I stopped in Arizona to see my folks and while I was there, my dad had a seizure and had to be hospitalized. I knew when I said good-bye to him at the hospital, leaving for California the next morning, that it was the last time I'd see him alive. Somehow, I just felt it.
He died on August 25 from after effects of a stroke he suffered two years previous.
In all honesty, this year has been the worst of my life. There have been times when I truly wondered what my limit might be. Like, how much stress can I actually handle? How much crap can I endure?

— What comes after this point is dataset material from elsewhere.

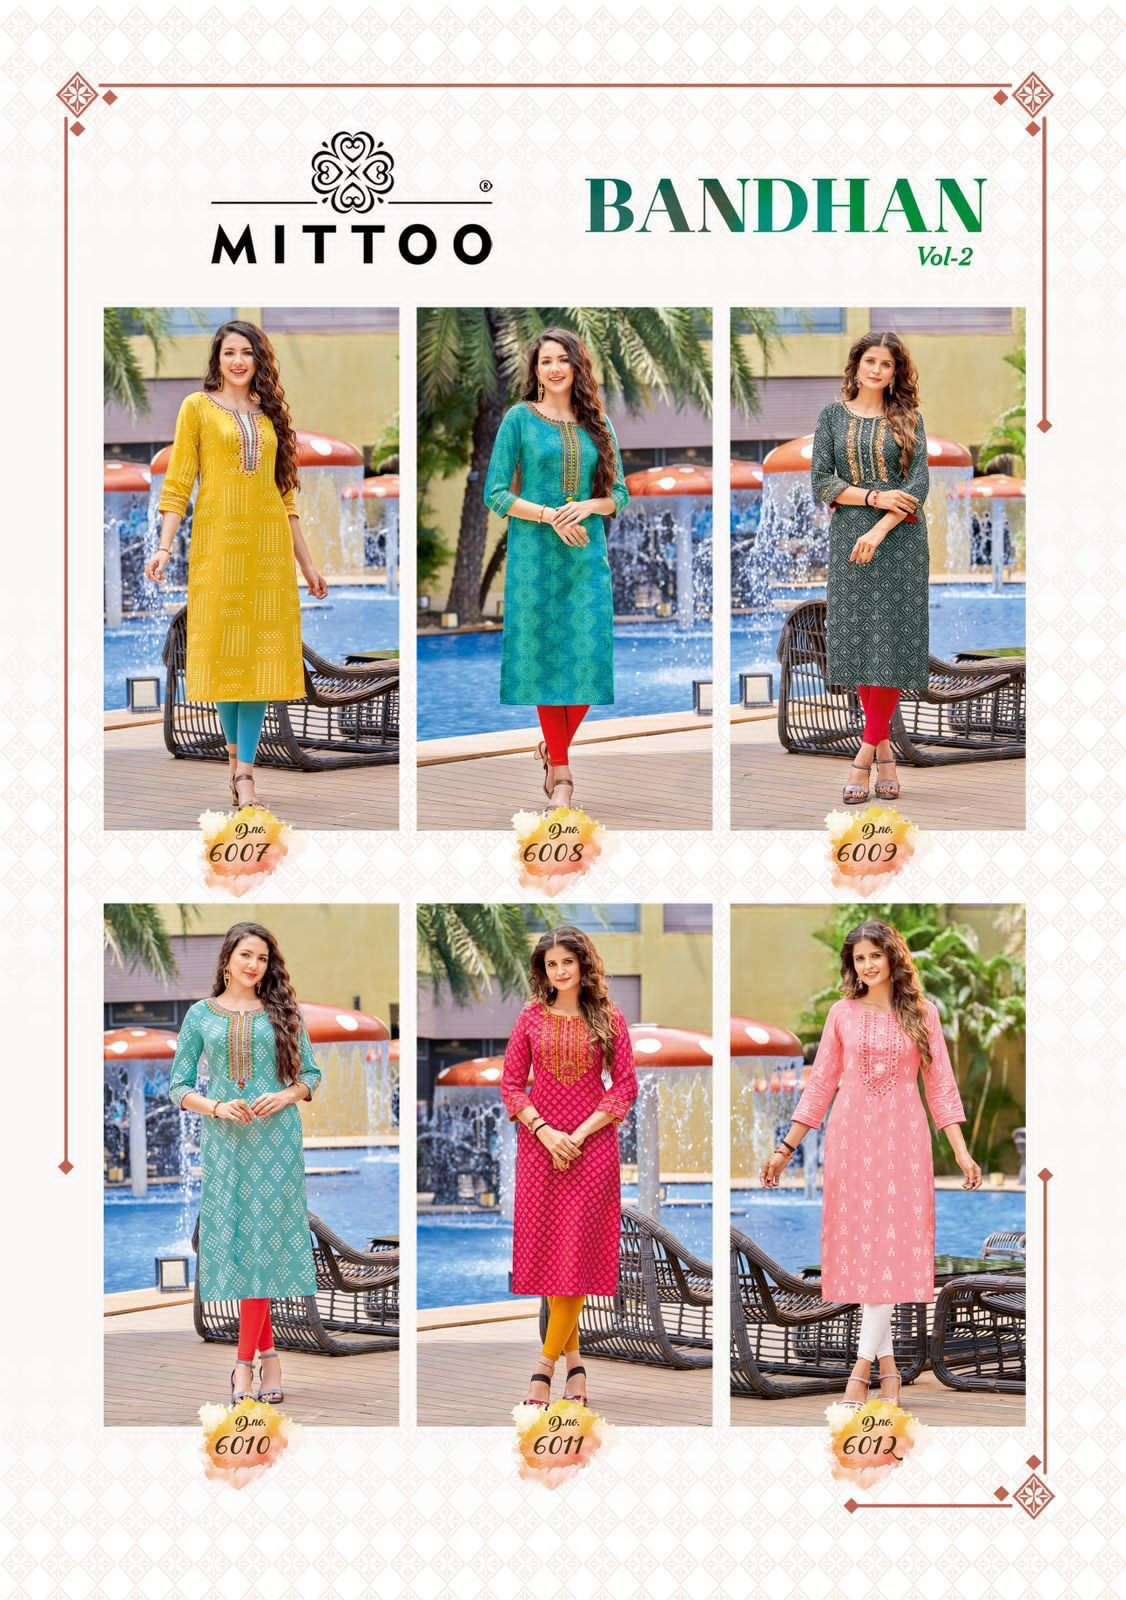 mittoo bandhan vol-2 6007-6012 series reyon designer hand work kurti online seller wholesale price surat

I went to a memorial service for my dad that we had in Tucson in October. I spoke on the family's behalf. It was one of the harder things I've done. (That and helping my stepmom write my dad's obituary are two of those things I'll file under: stuff I never even considered having to do some day).
The whole experience of my dad's death had a surreality about it. I was calm and accepting of his passing because he had been suffering for a long time after having a stroke and I was relieved for it to be over for him. It wasn't like I wanted him to go, but to want him to stay here with us when every day was painful and filled with struggle would just be the height of selfishness on my part; on the family's part. And so we tried to let him go with grace.
A part of me, in the back of my mind somewhere kept thinking, "I'm an orphan now."
Thank god for my stepmom. She has been a rock. She's been a friend and she's allowed us all to be strong for her and in turn to depend on her in ways she never did when we were kids. Growing up, there were many times when I thought that if my dad died before her, I would sever ties with her. But now, after thirty years as a family, I treasure the relationship she and I have built.
Now, thankfully, things are beginning to look up. I have a new job at a cool company. I live in California again.
I've definitely learned who my friends are this year. Some of my friends dropped out of touch -- as though my bad year was contageous or something. As if without a job I am not worthy of their friendship. Whatever. I hope they never have a year like I have had and if they do, I hope the friends surrounding them are better to them than they have been to me. Mostly, I've shaken those fair weather friends off and moved on. Fuck 'em. I'm an even better friend now because of all I've been through -- and it's their loss all the way.
New beginnings are exciting and I'm not looking back.
I've learned a lot about myself. About how much stronger I am than I ever suspected.
So here I am in California. In the City by the Bay.
And it's Christmas time and I have a glad heart. I'm filled with gratitude and good feelings.
Looking forward to a new year and hoping to god that it will only get better.
Really. It can only get better, right?